→ **The input**
──────────
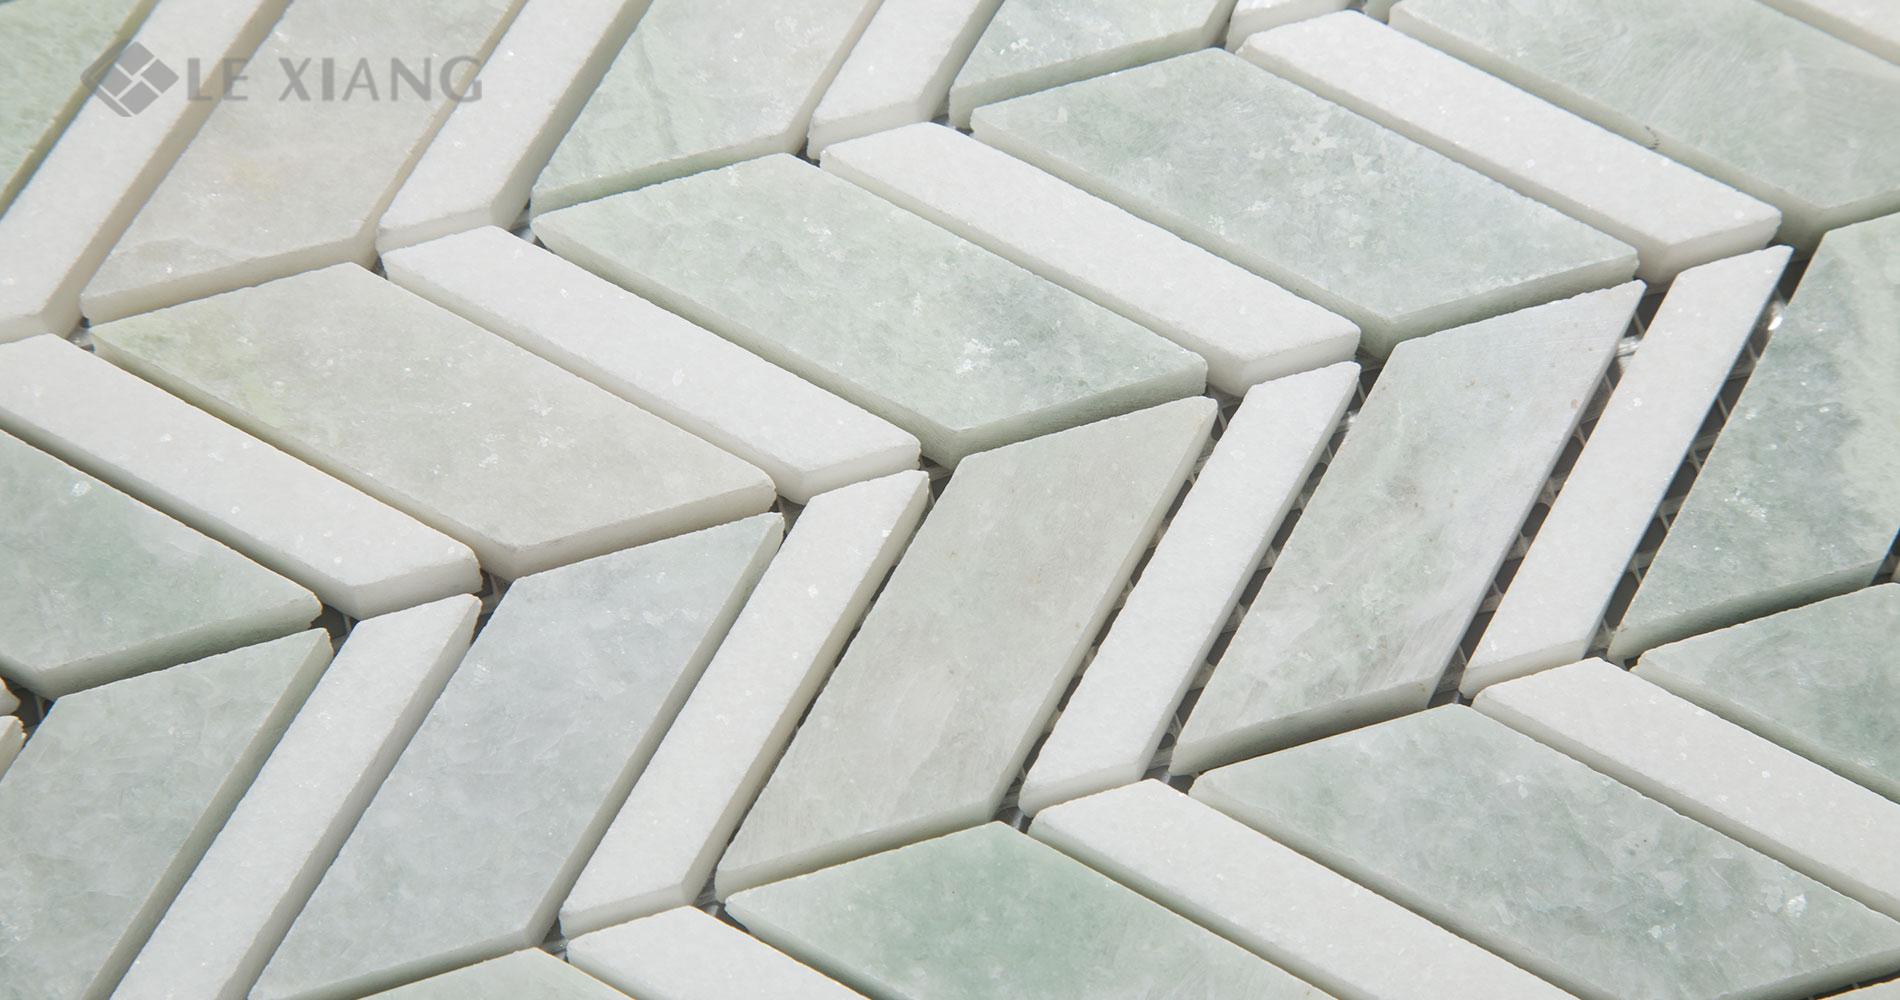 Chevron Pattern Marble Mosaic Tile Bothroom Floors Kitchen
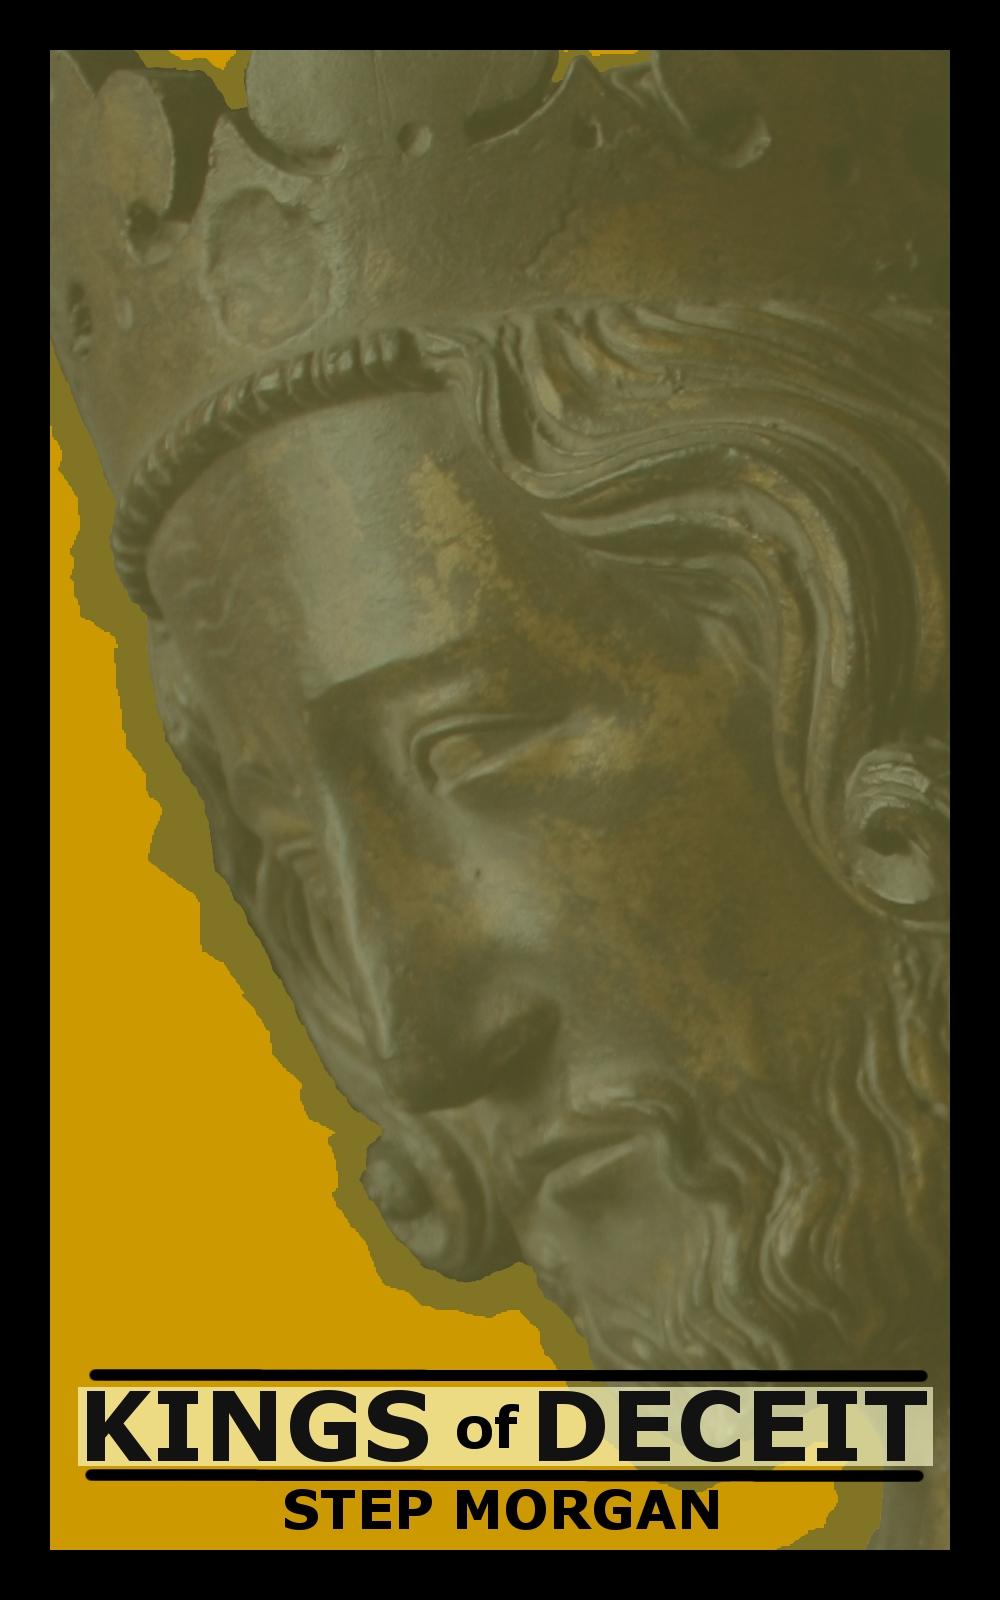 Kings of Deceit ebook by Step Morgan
──────────
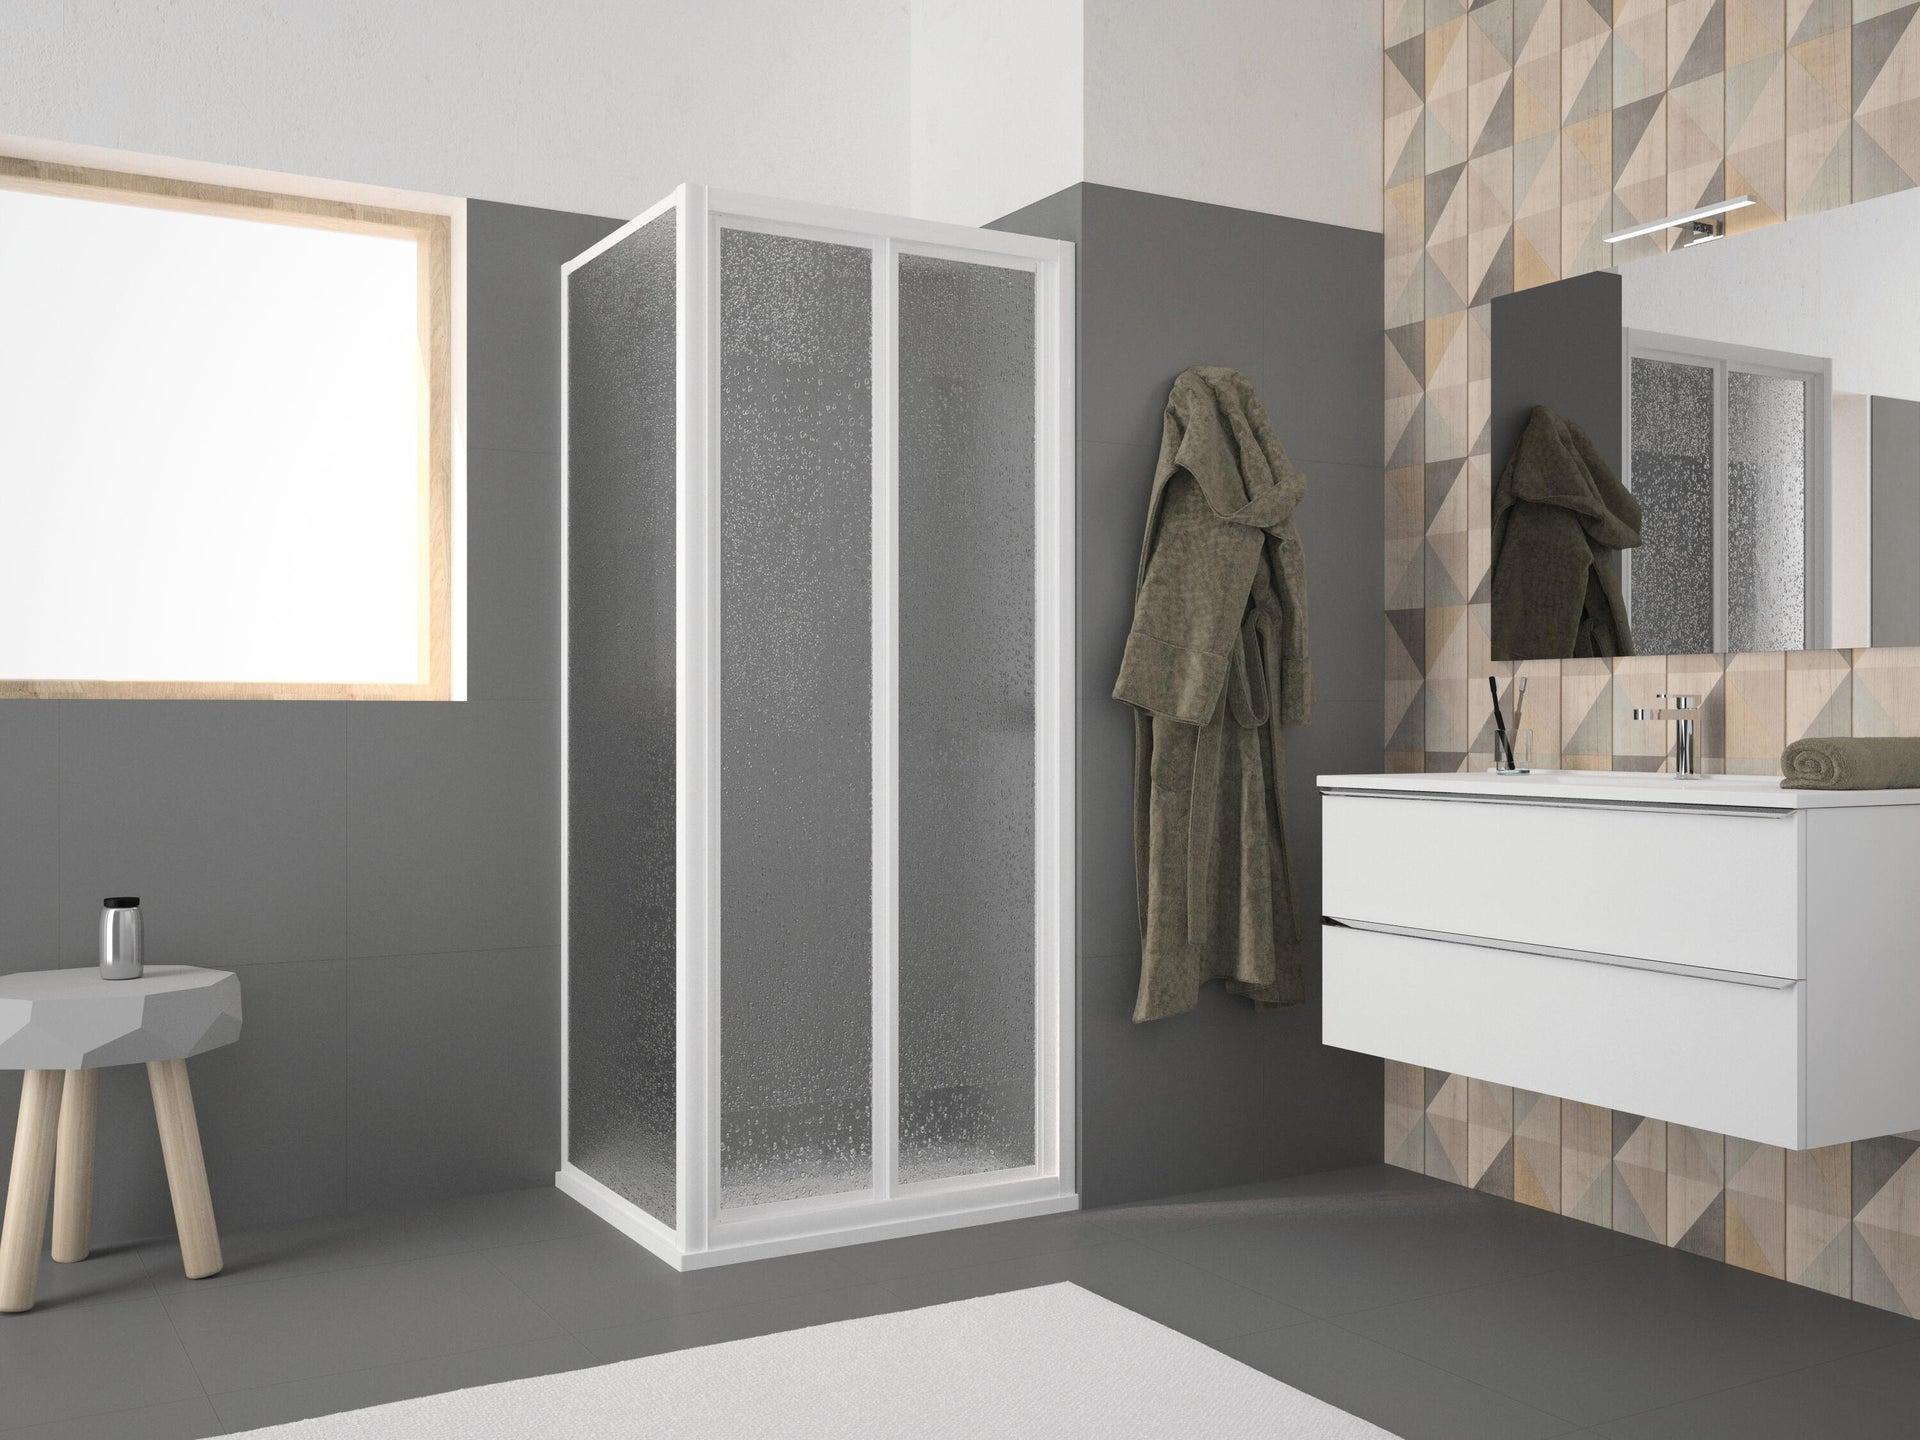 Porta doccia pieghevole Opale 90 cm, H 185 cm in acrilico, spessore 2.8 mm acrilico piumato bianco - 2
──────────
→ **What is needed**
Print everything from the line with "Chevron Pattern Marble" down to the line with "Kings of Deceit ebook by Step Morgan" in the entries above, both lines included and nothing more, without the pictures.

→ **Answer**
 Chevron Pattern Marble Mosaic Tile Bothroom Floors Kitchen
 Kings of Deceit ebook by Step Morgan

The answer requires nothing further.